Initial Stock Thickness Given Pressure On Rolls is a calculation used in rolling processes to determine the original thickness of material before rolling based on the pressure applied by the rolls and various material properties.

2. How Does the Calculator Work?

The calculator uses the formula:

\[ h_t = \frac{S \times h_s \times \exp(\mu_f \times (H_i - H_r))}{P} \]

Where:

\( h_t \) — Initial Stock Thickness (Meter)
\( S \) — Mean Yield Shear Stress of Work Material (Pascal)
\( h_s \) — Thickness at given Point (Meter)
\( \mu_f \) — Friction Coefficient in Rolling Analysis
\( H_i \) — Factor H at Entry Point on Workpiece
\( H_r \) — Factor H in Rolling Calculation
\( P \) — Pressure Acting on Rolls (Pascal)

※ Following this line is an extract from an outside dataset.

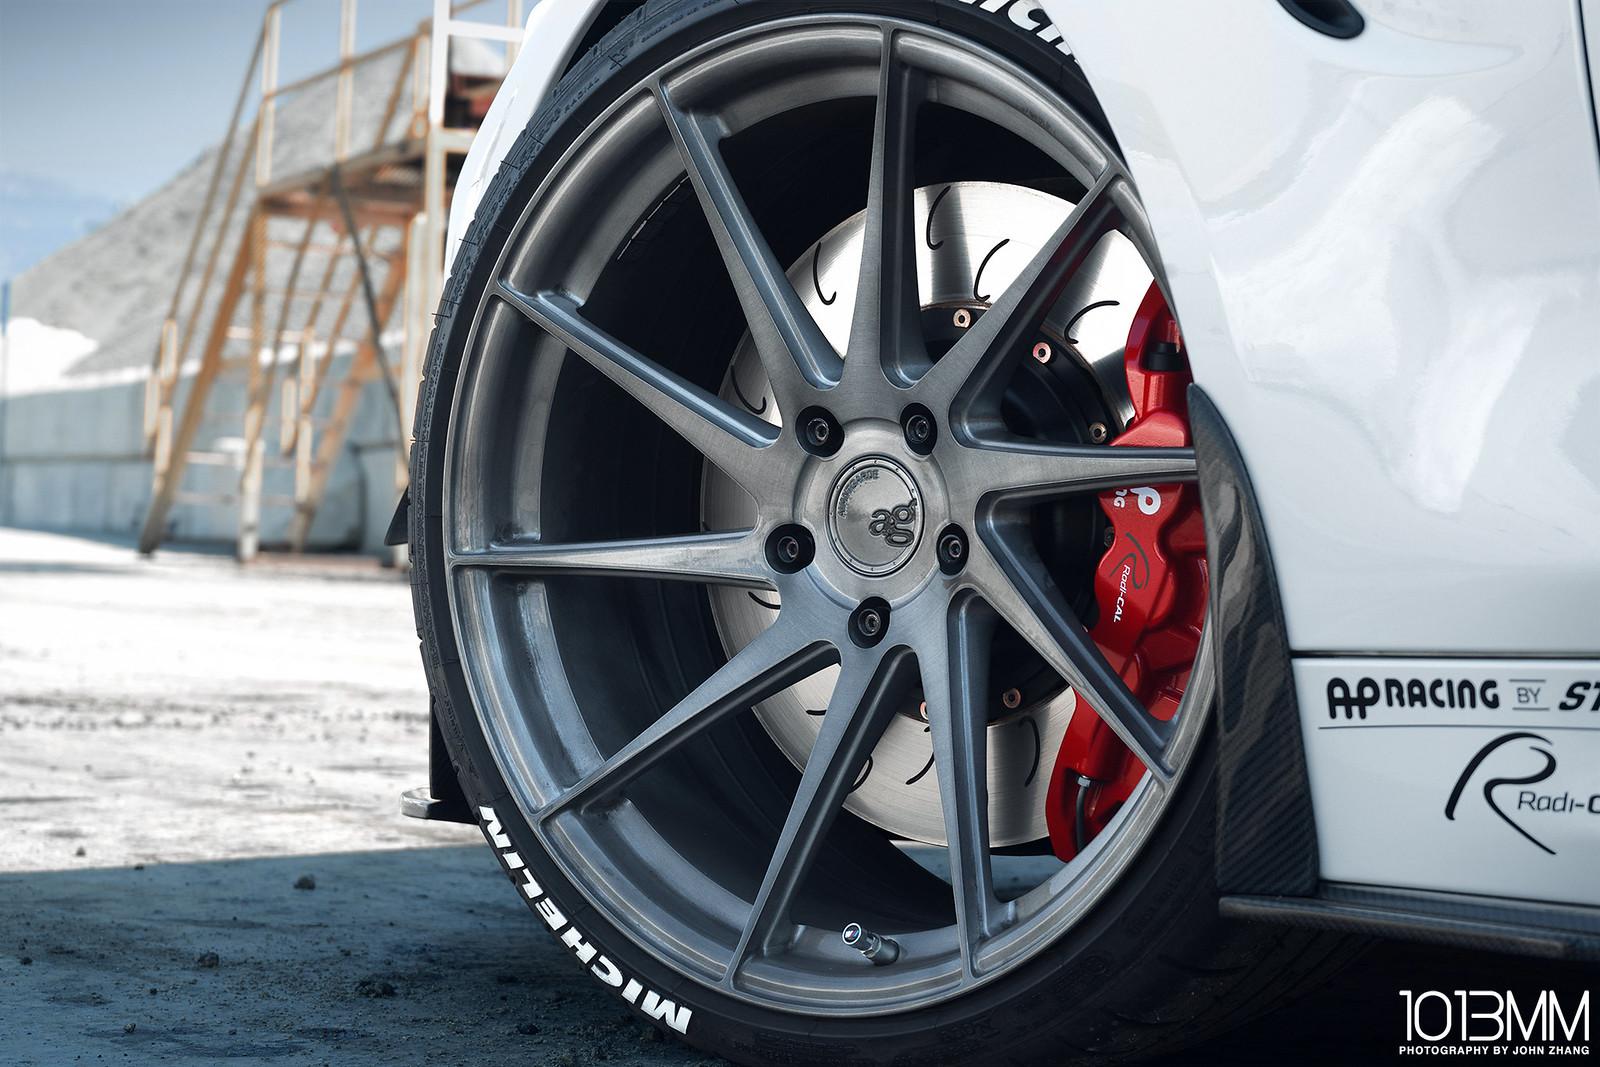 AW M4 / RevoZport / Avant Garde M621 Wheels / AP Racing

Explanation: The formula calculates the initial thickness by considering material properties, friction coefficients, and pressure applied during the rolling process.

3. Importance of Initial Stock Thickness Calculation

Details: Accurate calculation of initial stock thickness is crucial for proper rolling process design, material utilization optimization, and achieving desired final product dimensions.

4. Using the Calculator

Tips: Enter all required values with appropriate units. Ensure Mean Yield Shear Stress, Thickness at Point, and Pressure on Rolls are positive values for valid calculation.

5. Frequently Asked Questions (FAQ)

Q1: What is the significance of the exponential term in the formula?
A: The exponential term accounts for the effect of friction and the difference between entry and rolling factors on the material deformation during rolling.

Q2: How accurate is this calculation for different materials?
A: The accuracy depends on proper determination of material properties and friction coefficients, which may vary for different materials and rolling conditions.

Q3: What are typical values for friction coefficient in rolling?
A: Friction coefficients typically range from 0.05 to 0.3 depending on the material, lubrication, and rolling conditions.

Q4: Can this formula be used for all types of rolling processes?
A: This formula is primarily used for flat rolling processes and may need modifications for other types of rolling operations.

Q5: How does temperature affect the calculation?
A: Temperature affects material properties and friction coefficients, so these values should be determined at the appropriate working temperature for accurate results.